Pocahontas County is a county located in the eastern part of the U.S. state of West Virginia.  As of the 2020 census, the population was 7,869. Its county seat is Marlinton. The county was established in 1821. It is named after the daughter of the Powhatan chief of the Native Americans in the United States who came from Jamestown, Virginia. She married an English settler, and their children became ancestors of many of the First Families of Virginia.

Pocahontas County is the home to the Green Bank Observatory and is part of the National Radio Quiet Zone.

History
When Andrew Lewis, early American pioneer, surveyor, and soldier from Virginia, came to survey one of the land grants for the Greenbrier Company in 1751, he found Jacob Marlin and Stephen Sewell living where Marlinton later developed. They had come from Frederick, Maryland, in 1749 and are considered to be the first European settlers in this region of Virginia.  They built their original cabin where Marlin Run met Knapp's Creek. Lewis had found Sewell living in a large hollow sycamore tree near the cabin. This area is now between Eighth and Ninth avenues and Eighth and Ninth streets of Marlinton.
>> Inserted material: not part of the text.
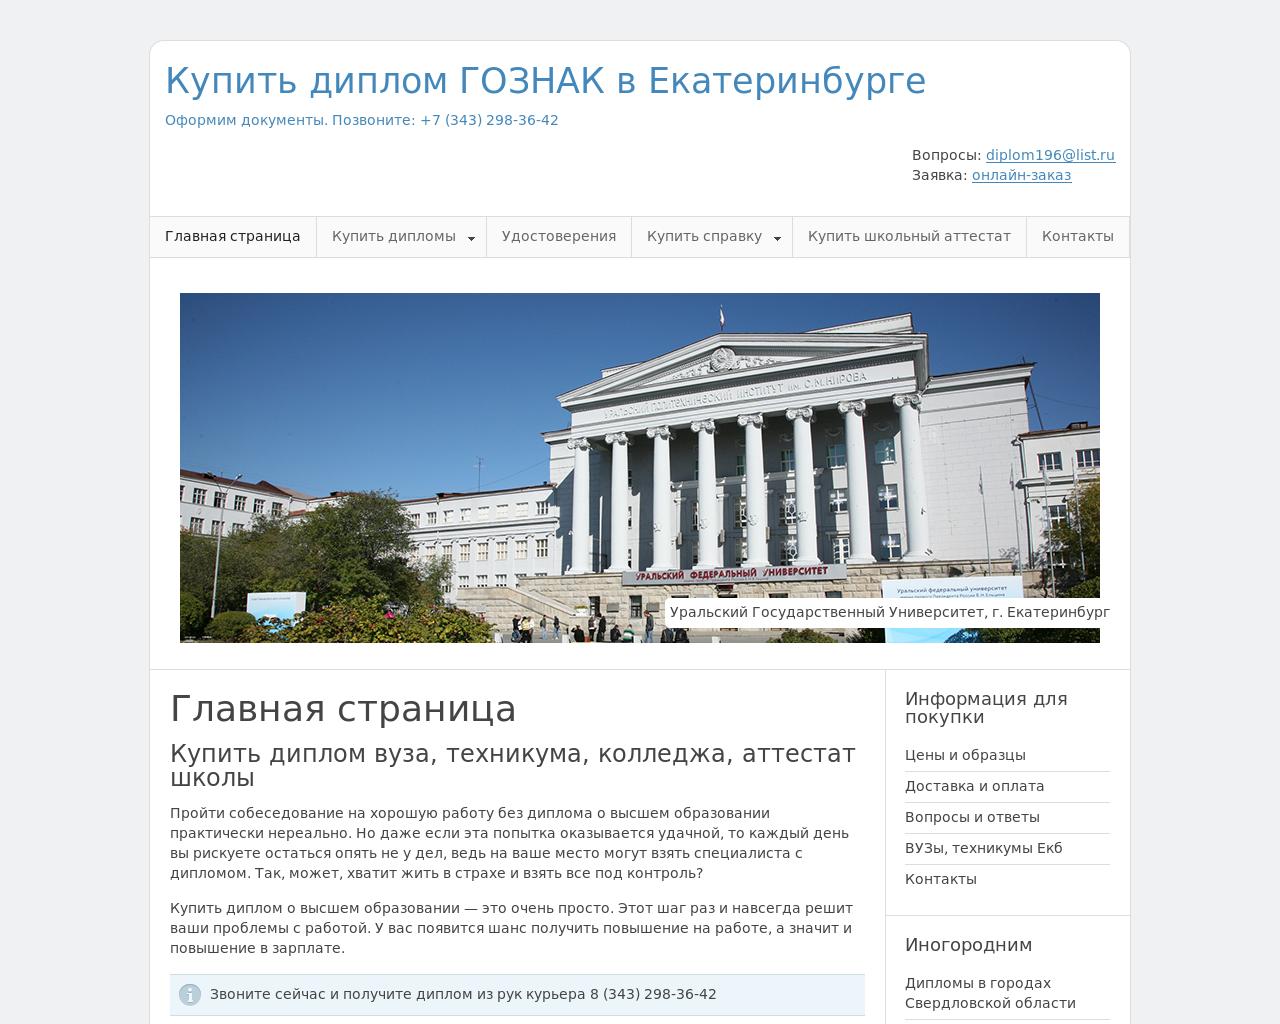 Изображение сайта diplom196.ru в разрешении 1280x1024

This area was reserved by the nations of the Iroquois Confederacy as a hunting ground, by right of their conquest of tribes that had been in the area. The American Indians resisted Europeans moving into the area. A treaty of 1758 by Great Britain confirmed the land west of the Allegheny Mountains to the Indians and forbade his Majesty's subjects from settling or hunting here.

But the white settlers continued to encroach onto the Indian land, sparking many raids and massacres between the groups. After the Revolution, the Indian squabbles quieted and the settlers' land claims were secured in an orderly manner.
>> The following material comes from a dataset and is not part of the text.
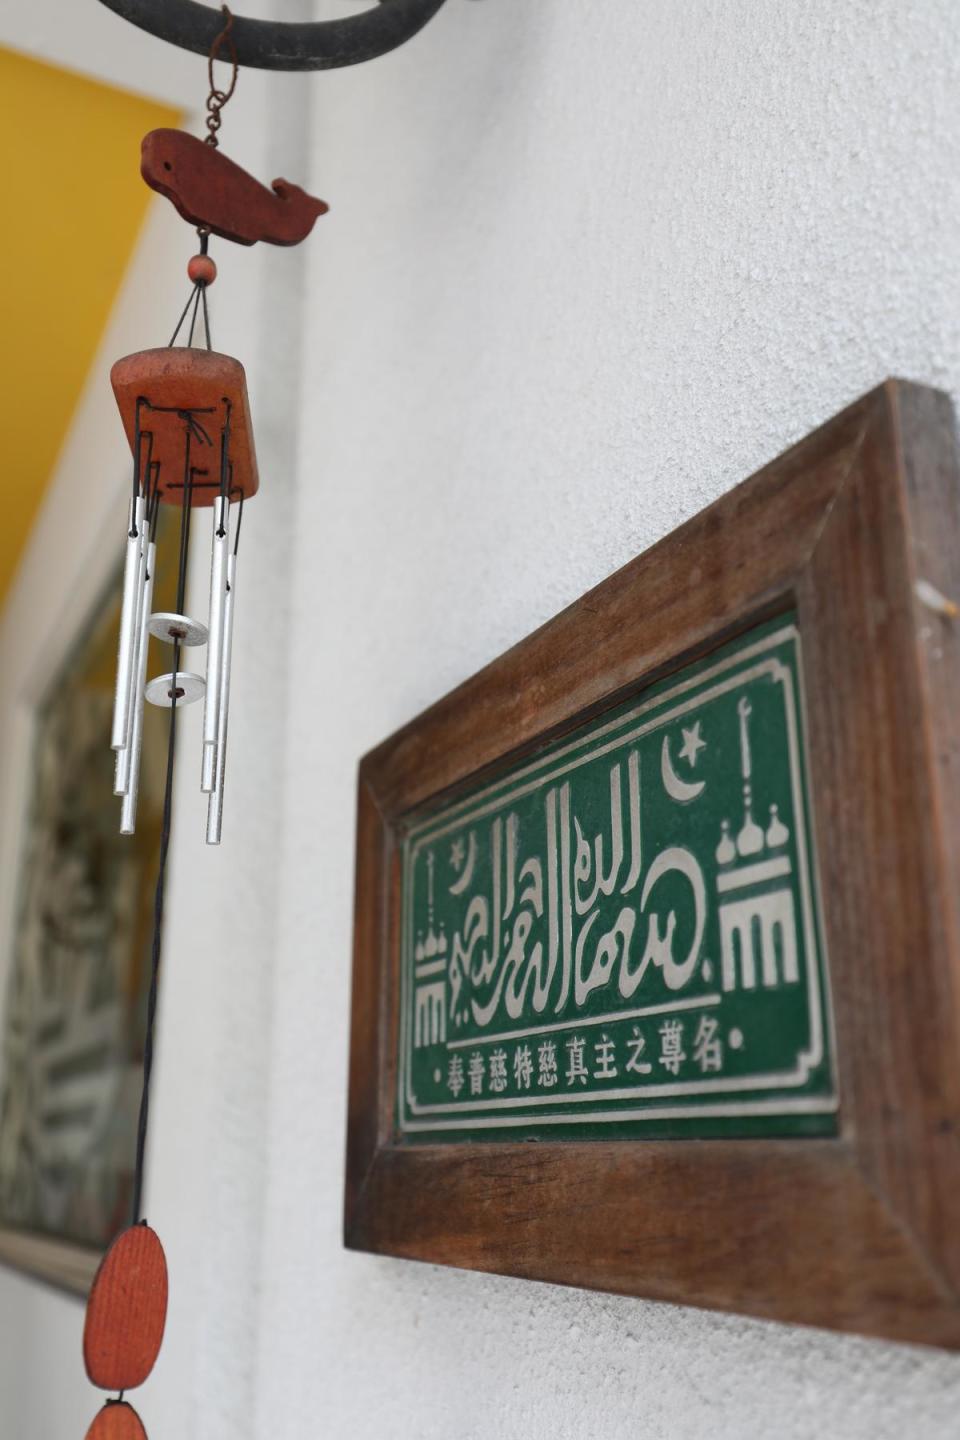 門口的這句「奉普慈特慈真主之尊名」標語，在許多回族人家裡都看得到。

During the Civil War Pocahontas County voted to secede from the United States by a vote of 360 to 13 and supported the state government in Richmond. The county contained 907 men of military age (15-50 years old) and provided nearly 700 men to the Confederate army and levied $15,000 for armaments. Farming and harvesting crops soon became difficult due to enlistments, and many of the county's 252 enslaved population fled during Union troop movements through the county. Some Unionist refugees who had fled to Upshur County enlisted in the 10th West Virginia Infantry Regiment. The battles of Cheat Mountain and Camp Allegheny took place in the county in 1861, and in 1863 the battle of Droop Mountain occurred, resulting in a Union victory.

A government loyal to the United States was established in Wheeling called the Restored Government of Virginia. Under its guidance a bill was introduced to the United States Congress to create a new state from 48 counties of western Virginia to be called West Virginia. While many of these counties were generally loyal to the U.S., many were not but were taken for territorial reasons. The new state was officially recognized on June 20, 1863.
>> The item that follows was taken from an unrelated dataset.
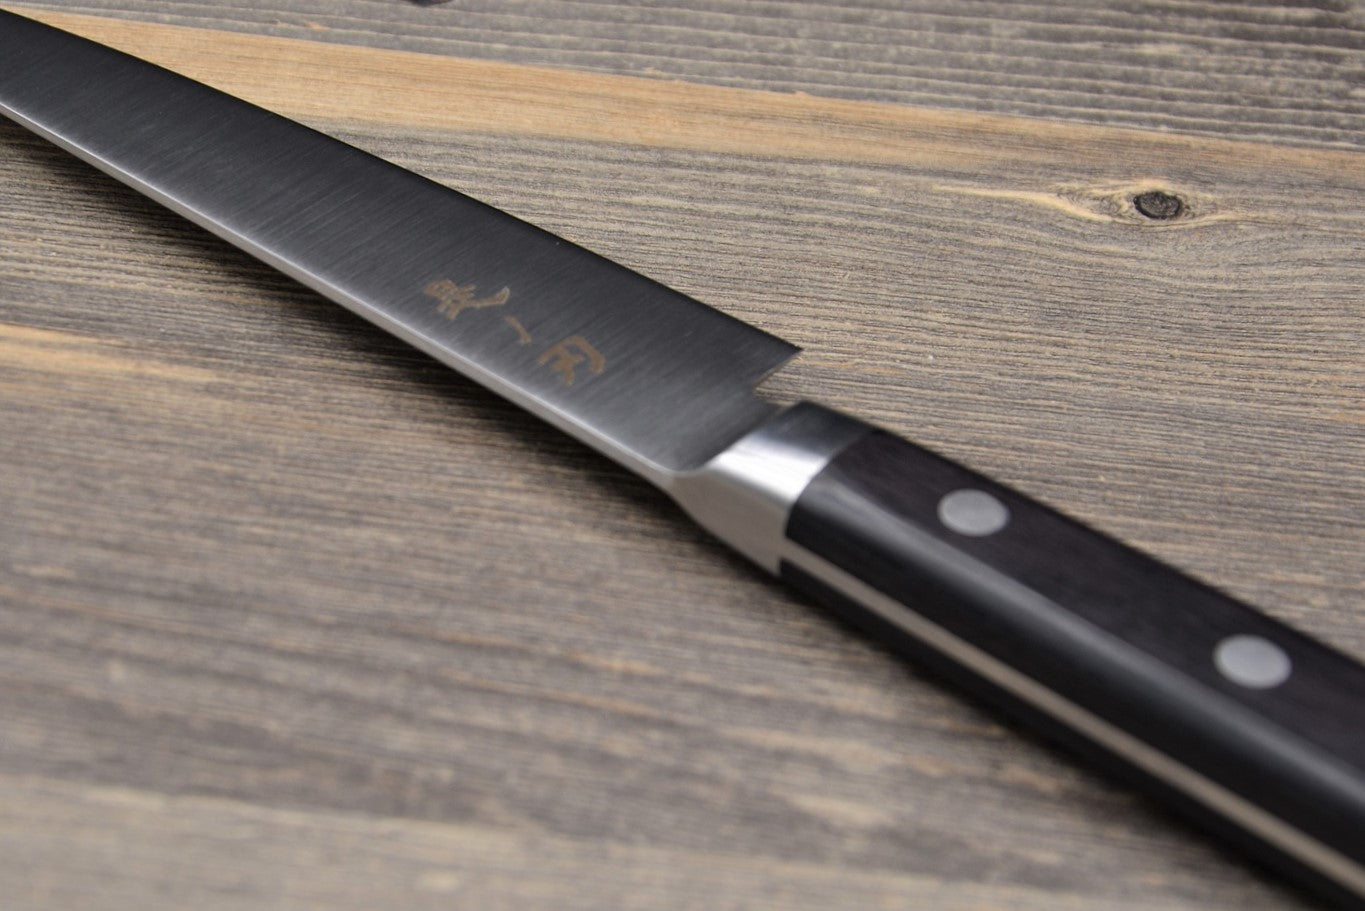 Konoha basic petty knife 120mm

Pocahontas County was added to the new state of West Virginia without the input of the citizens. The new state government in Wheeling reorganized the county militia as a Unionist force. After the war most of the voters in the county were disfranchised due to their support of Richmond and the Confederacy, and full voting rights were not restored until 1871.

The new state government divided the counties into civil townships, with the intention of encouraging local government.  This proved impractical in the heavily rural state, and in 1872 the townships were converted into magisterial districts.  Pocahontas County was initially divided into four townships, each of which was given a patriotic name: Grant, Lincoln, Meade, and Union.  They became magisterial districts in 1872, and all four were renamed the following year: Grant District, originally named for Union General Ulysses S. Grant, became Huntersville District; Lincoln, named after the President, became Edray; Meade, named for General George Meade, became Greenbank, and Union District became Academy.  In the 1890s, Academy District was renamed again, becoming Little Levels.

The railroads came late to Pocahontas County, as building rails over the mountains was a difficult and expensive project. It was not until 1899 that construction began but after that, the task moved with startling speed.  The 1900 census of the county indicates that many European immigrants came to the region as workers on building the railroads through this area.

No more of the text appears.